The scope of nonlocal differential-conductance spectroscopy extends beyond hybrid superconductors:

Optical Probes of Nonlocal Response: Near-field microscopy, leveraging the variable height of a probe above a 2DES, provides access to the Laplace transform of the nonlocal conductivity kernel. Analysis of the height dependence disentangles Drude, hydrodynamic, and ballistic transport regimes via their distinct scaling laws and dependence on carrier density (Khavronin et al., 2022).
High-Temperature and Highly Disordered Systems: Nonlocal differential-conductance methodologies enable probing of Andreev reflection and gap extraction in granular or inhomogeneous superconductors—regimes where conventional local spectroscopies are ineffective or ambiguous (Gheorghiu, 2022).
Correlation-Controlled NDC and Nanoelectronics: Assembly of molecule-scale clusters produces nontrivial nonlocal conductance features, including NDC and programmable switching, opening new directions in molecular nanoelectronics (Li et al., 7 Aug 2025).

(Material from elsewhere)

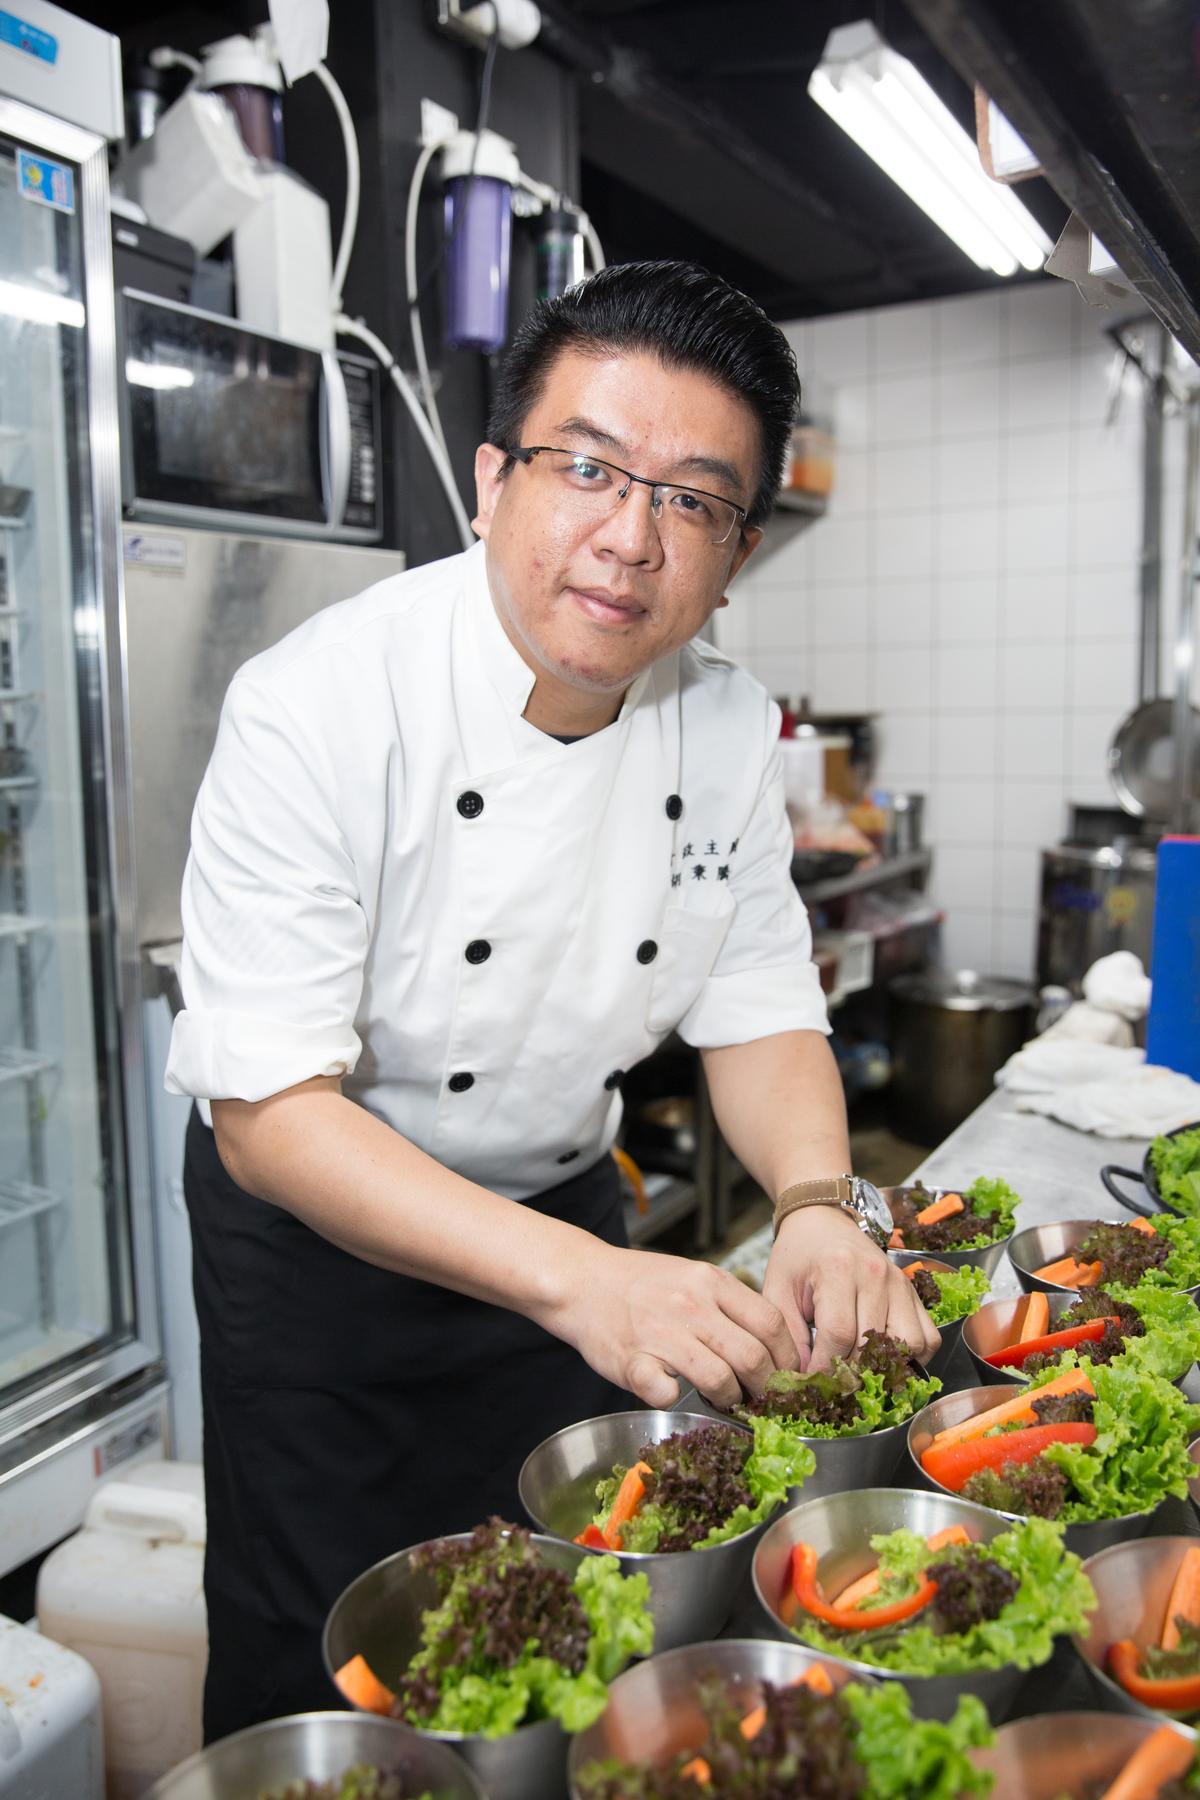 行政主廚胡秉騰常到韓國考察,為店內帶回新的料理元素。

7. Limitations, Challenges, and Future Directions

Key limitations and ongoing research directions include:

Finite-Size and Coherence Effects: In one-dimensional or molecular systems, finite-size effects and quantum coherence between zero-mode and bulk states can lead to deviations from quantized conductance plateaus, overshoots, and detailed lineshape modifications—features essential to correct interpretation (Yao et al., 2021).
Breakdown of Symmetry in Nonideal Regimes: Quasiparticle leakage, dissipation, or voltage-bias–dependent deformation of the electrostatic potential can break symmetry relations and generate backgrounds or systematic errors in conductance matrices (Maiani et al., 2022).
Disorder and Criticality: The detailed energy and length scaling of nonlocal conductance under strong disorder, including infinite-randomness critical points and transitions between trivial and topological regimes, demand advanced theoretical modeling and careful experimental design (Kurilovich et al., 14 Sep 2024).
Integration with Quantum Information Architectures: The nonlocal control and detection of topological modes position nonlocal differential-conductance spectroscopy at the heart of experimental roadmaps for topological quantum computation, where definitive characterization of qubits requires the ability to unambiguously discern nonlocality and topological protection (Béri, 2011, Pöschl et al., 2022).

Nonlocal differential-conductance spectroscopy thus constitutes a versatile and rigorous probe in condensed matter physics, with the unique capacity to resolve spatial correlations, topological features, electron–hole quantum coherence, and the fundamental symmetry-encoded nature of low-energy excitations in quantum materials and artificial nanostructures.